Kinvara evinced no surprise.
“I told those stupid girls you’d find out,” she said with a shrug. “Izzy and Fizzy. Everyone round here knew what Jack o’Kent was doing in the barn. Of course somebody was going to talk.”
She took a gulp of whisky.
“I suppose you know all of it, do you? The gallows? The boy in Zimbabwe?”
“You mean Samuel?” asked Strike, taking a punt.
“Exactly, Samuel Mu—Mudrap or something.”
The fire caught suddenly, flames leaping up past the log, which shifted in a shower of sparks.

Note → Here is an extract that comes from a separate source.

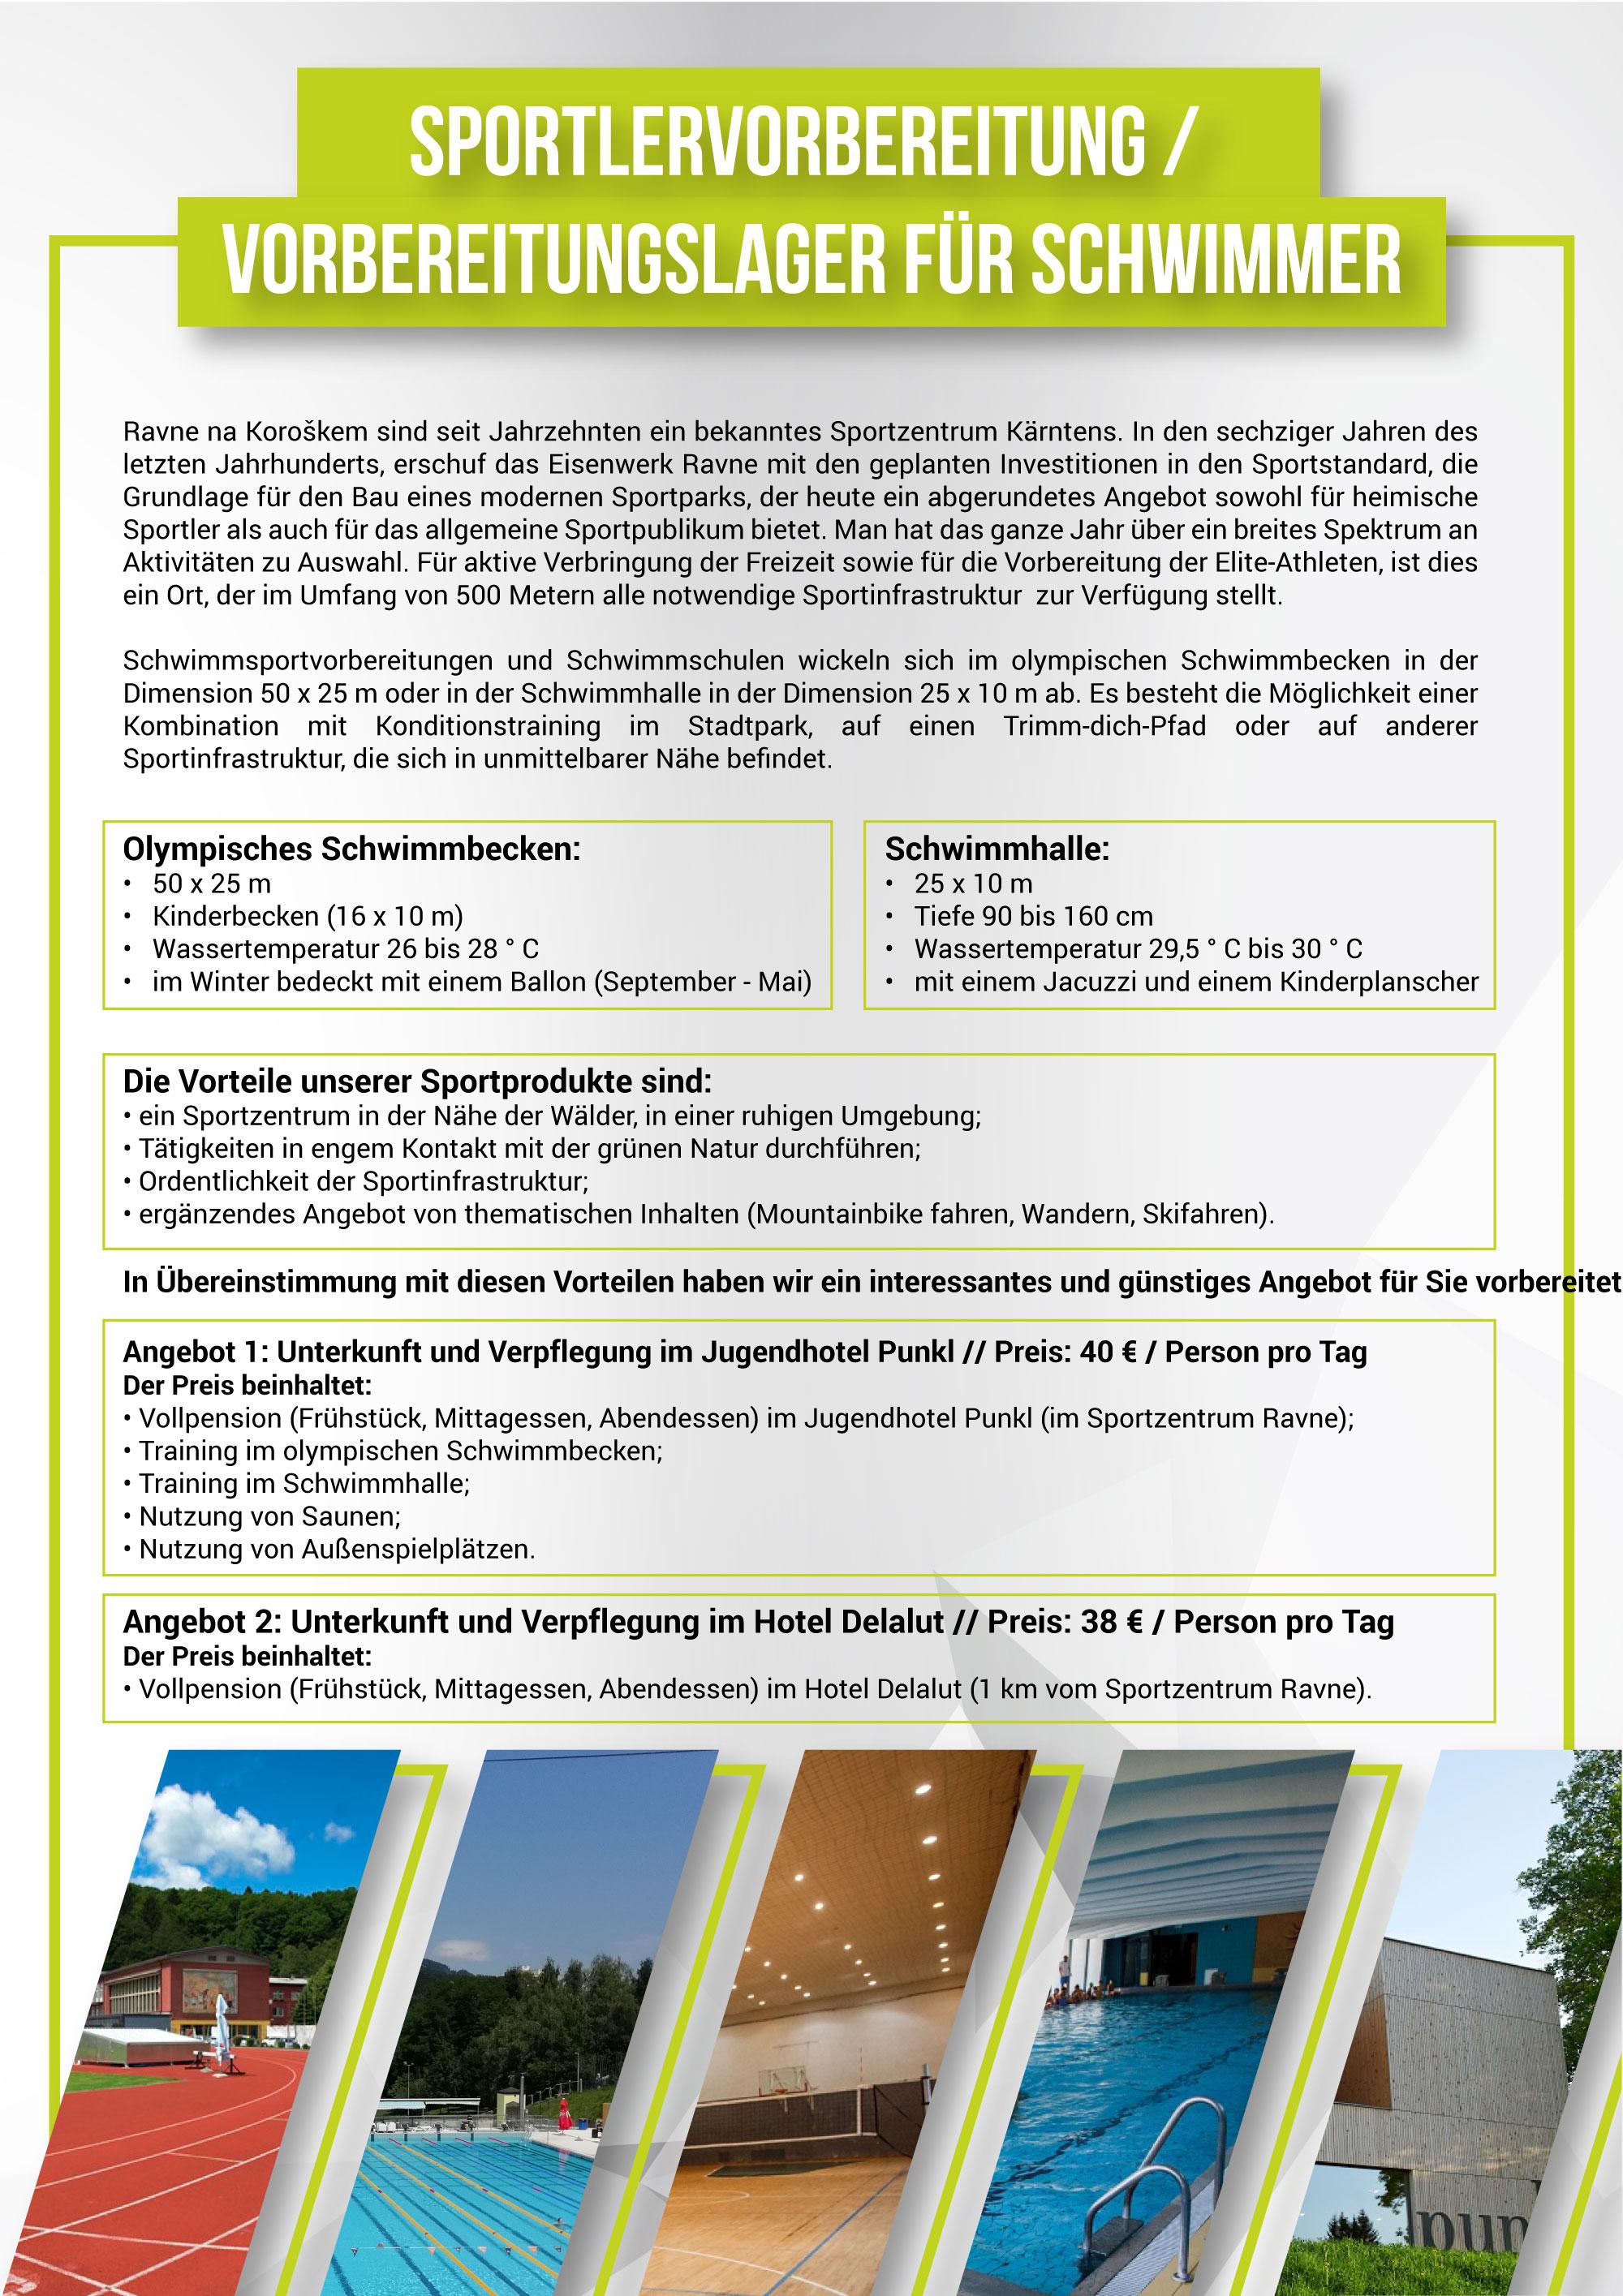 Спортске припреме 2020, прилог на немачком језику, страна 1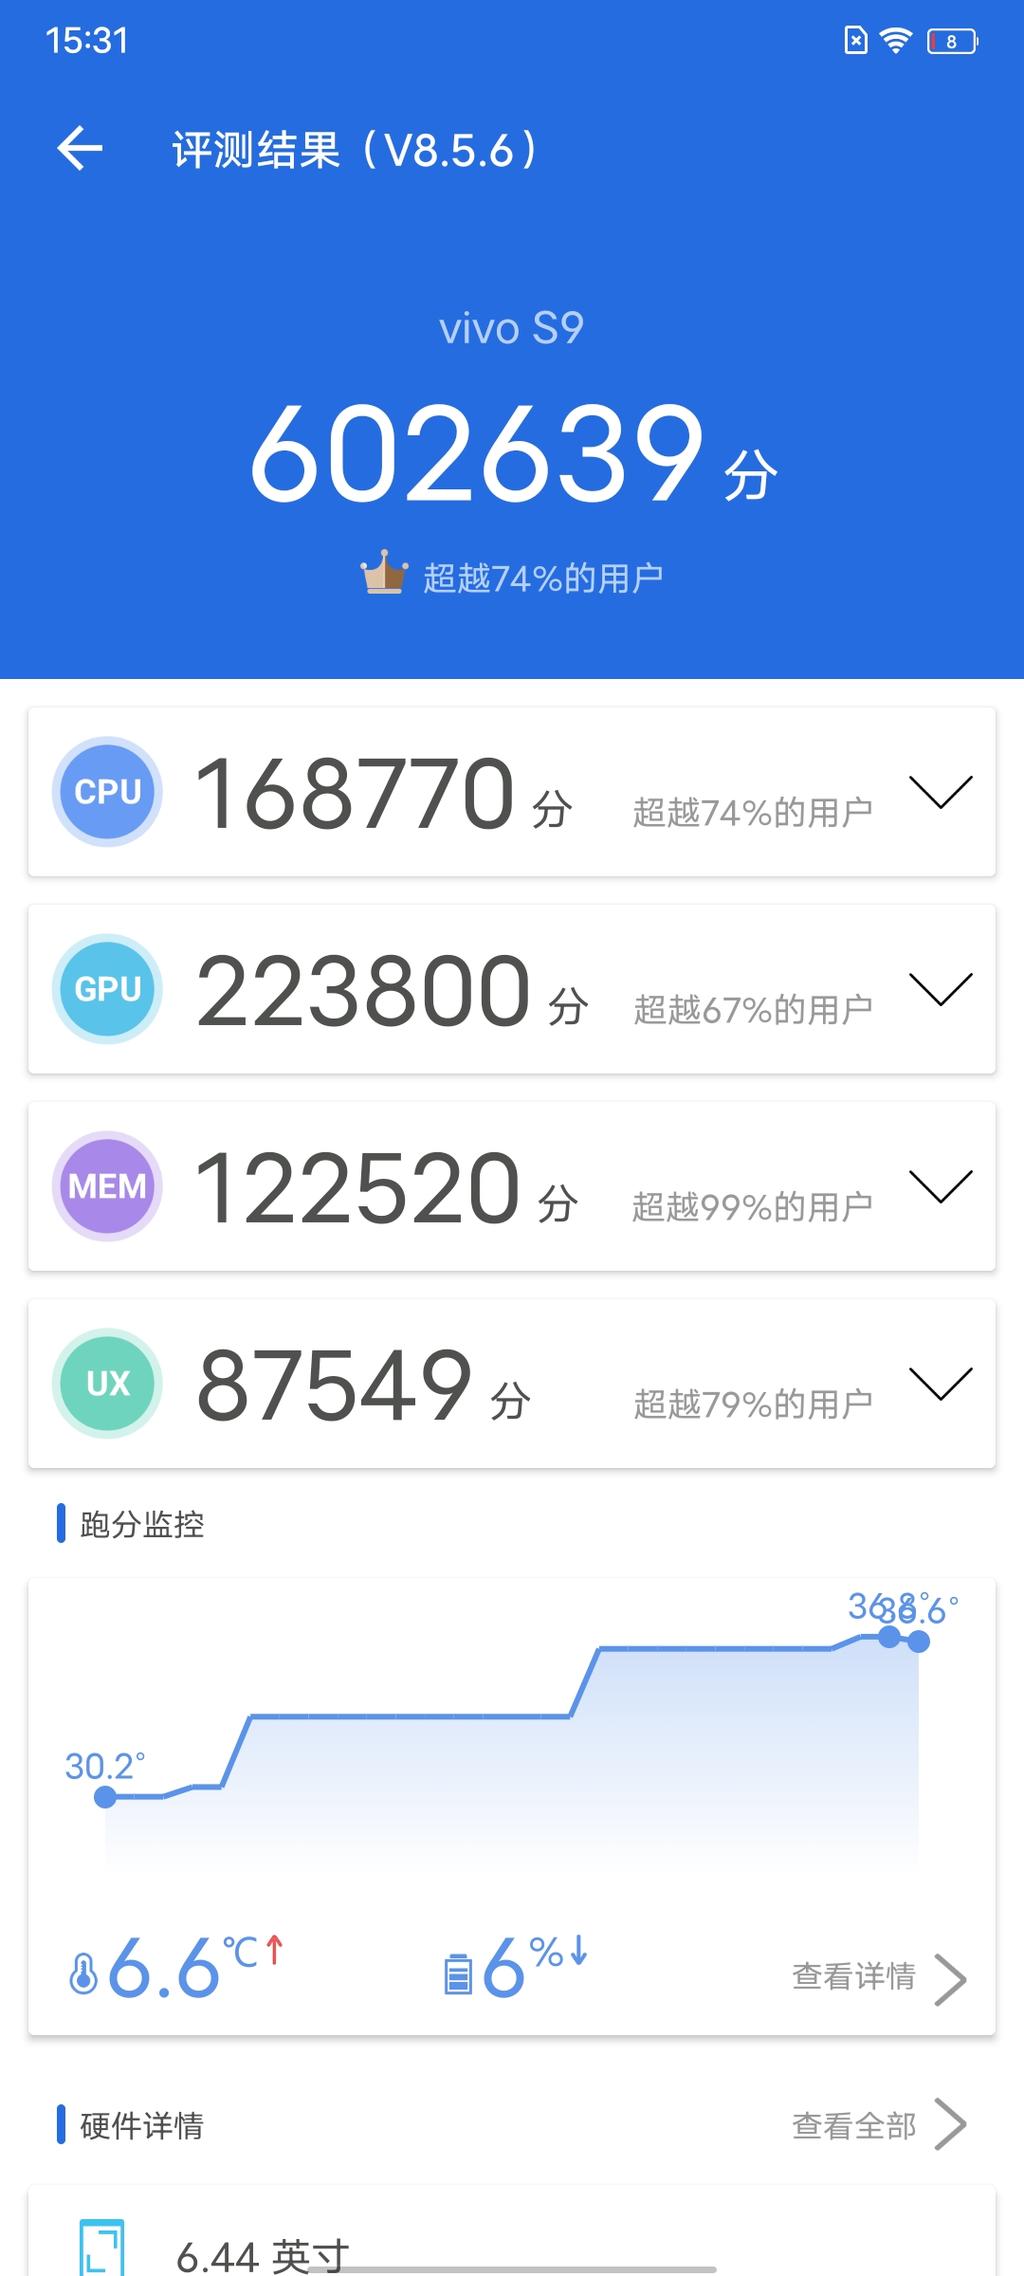 vivo S9 ra mắt: chip Dimensity 1100 đầu tiên, màn hình 90Hz, giá từ 463 USD ảnh 4

“Jasper was worried they were his gallows the moment we heard the boy had been hanged. You know all of it, do you? That there were two sets? But only one made it to the government. The other lot went astray, the lorry was hijacked or something. That’s how they ended up in the middle of nowhere.
“The photographs are pretty grisly, apparently. The Foreign Office thinks it was probably a case of mistaken identity. Jasper didn’t see how they could be traced to him, but Jimmy said he could prove they were.
“I knew you’d find out,” said Kinvara, with an air of bitter satisfaction. “Tegan’s a horrible gossip.”
“So, to be clear,” said Strike, “when Jimmy Knight first came here to see you, he was asking for his and Billy’s share for two sets of gallows his father had left completed when he died?”
“Exactly,” said Kinvara, sipping her whisky. “They were worth eighty thousand for the pair. He wanted forty.”
“But presumably,” said Strike, who remembered that Chiswell had talked of Jimmy returning a week after his first attempt to get money, and asking for a reduced amount, “your husband told him he’d only ever received payment for one of them, as one set got stolen en route?”
“Yes,” said Kinvara, with a shrug. “So then Jimmy asked for twenty, but we’d spent it.”
“How did you feel about Jimmy’s request, when he first came asking for money?” Strike asked.
Robin wasn’t sure whether Kinvara had turned a little pinker in the face, or whether it was the effects of the whisky.